◆ **Work required**:
From the line that contains "Solis H24 Compact" down to the last line of the data below, restate every line word for word, skipping any images.

======== Information supplied

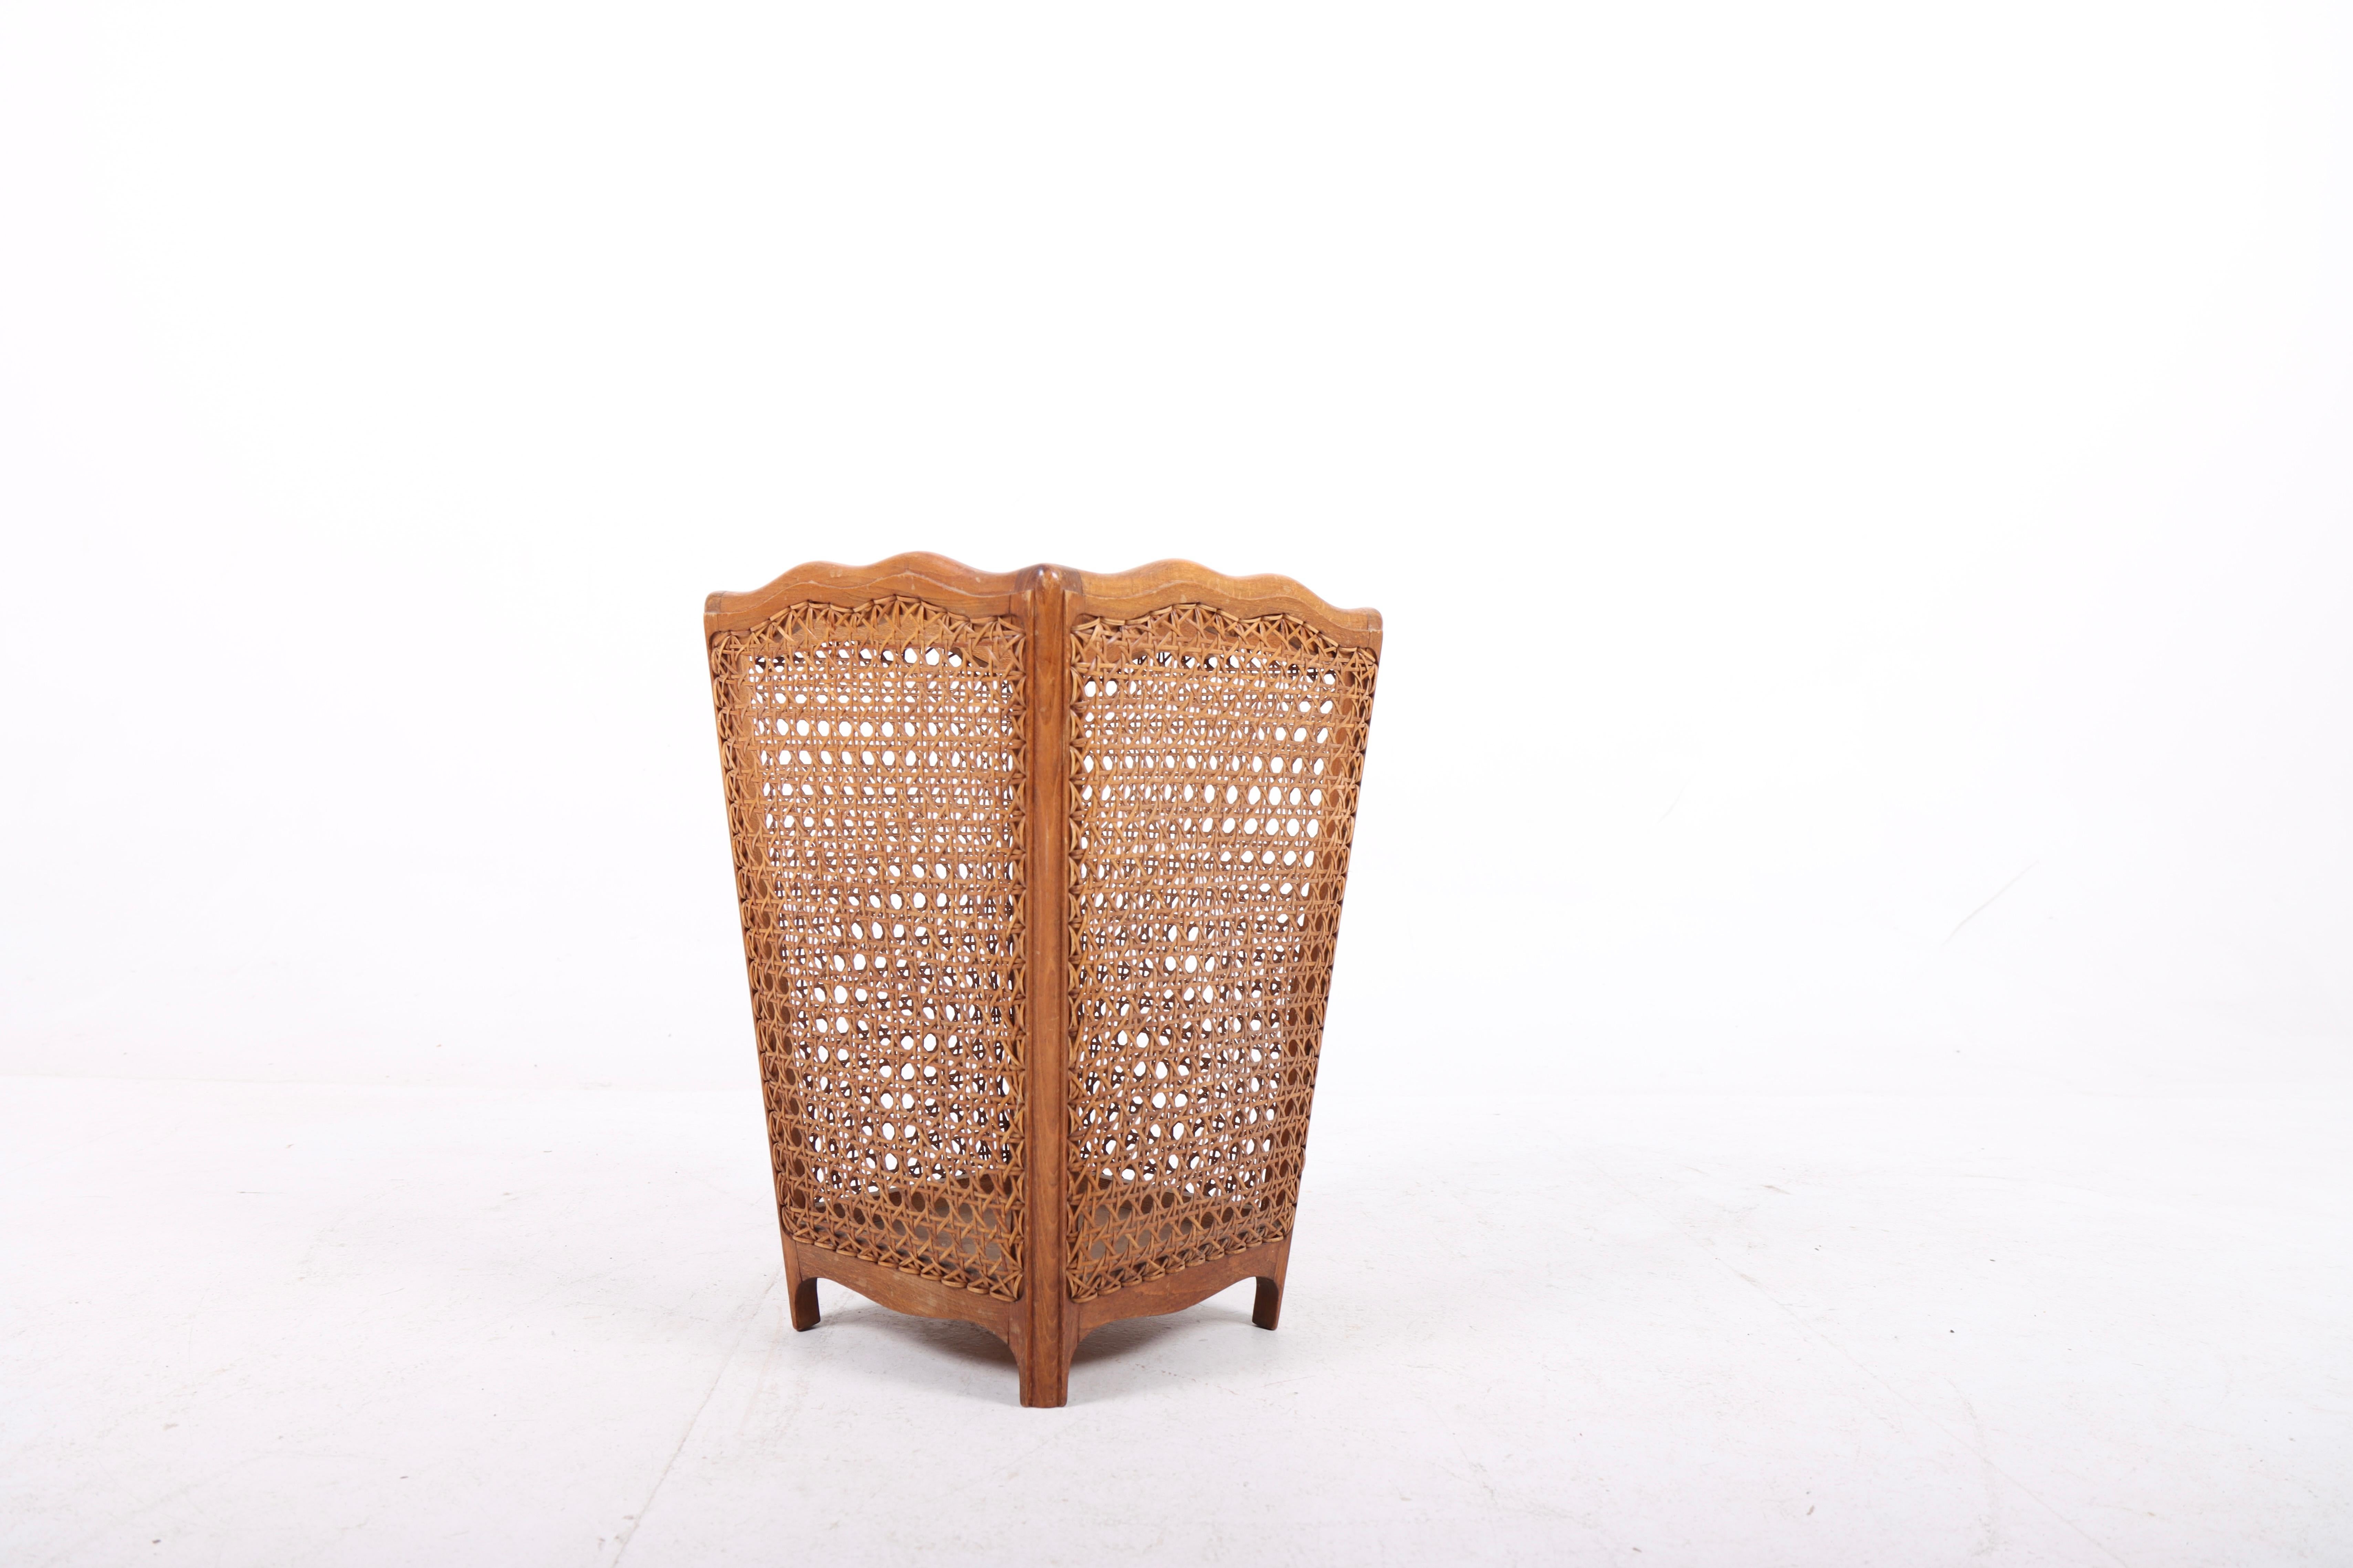 Danish Midcentury Waste Bin in Beech and Cane, Made in Denmark, 1950s For Sale
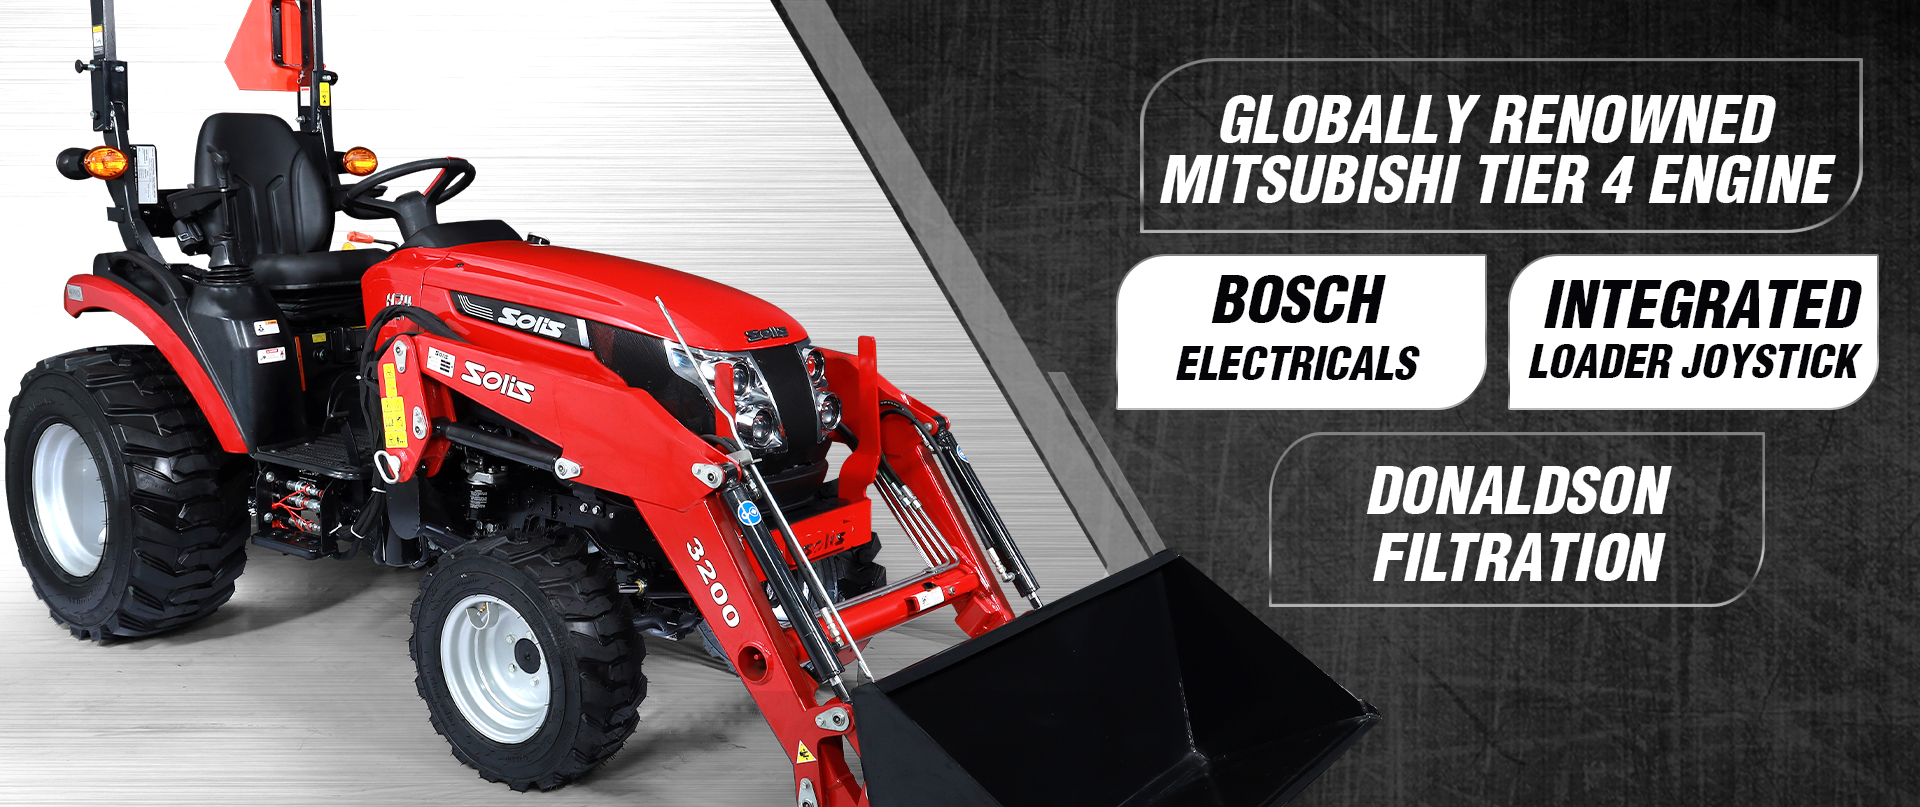 Solis H24 Compact Tractor - Globally Renowned Mitsubishi Tier 4 Engine, Bosch Electricals, Integrated Loader Joystick and Donalson Filtration
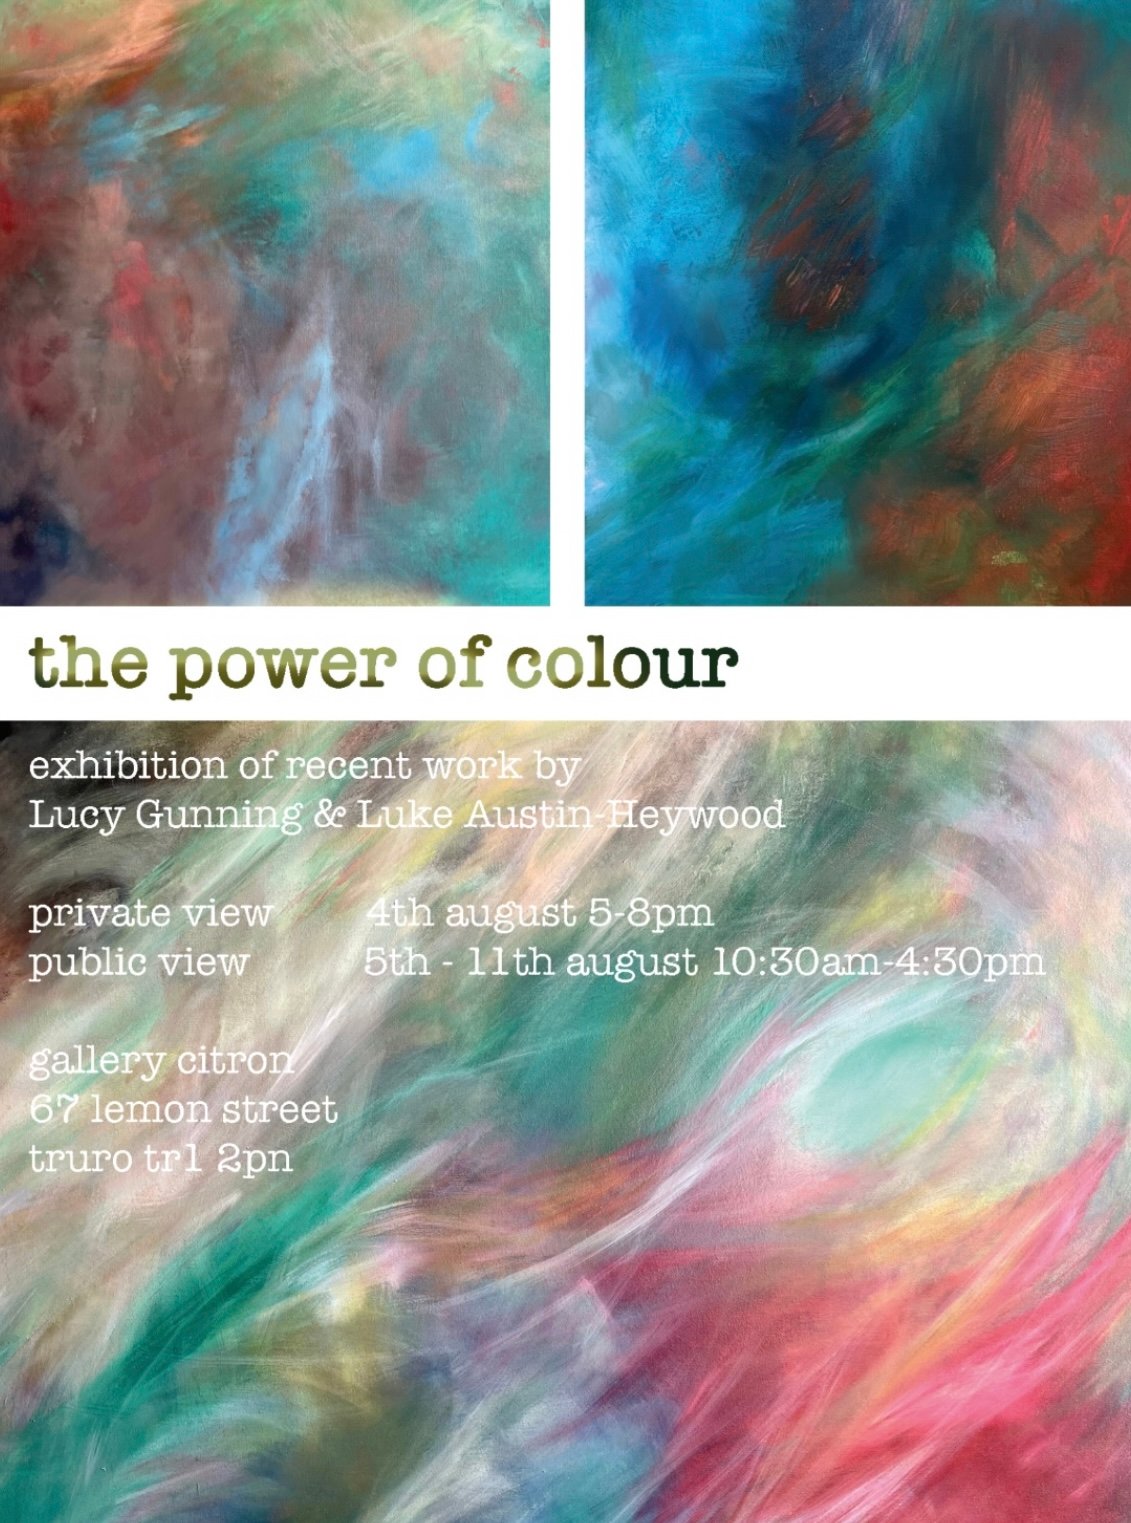 The Power of Colour

================

◆ **Exercise result**:
 Solis H24 Compact Tractor - Globally Renowned Mitsubishi Tier 4 Engine, Bosch Electricals, Integrated Loader Joystick and Donalson Filtration
 The Power of Colour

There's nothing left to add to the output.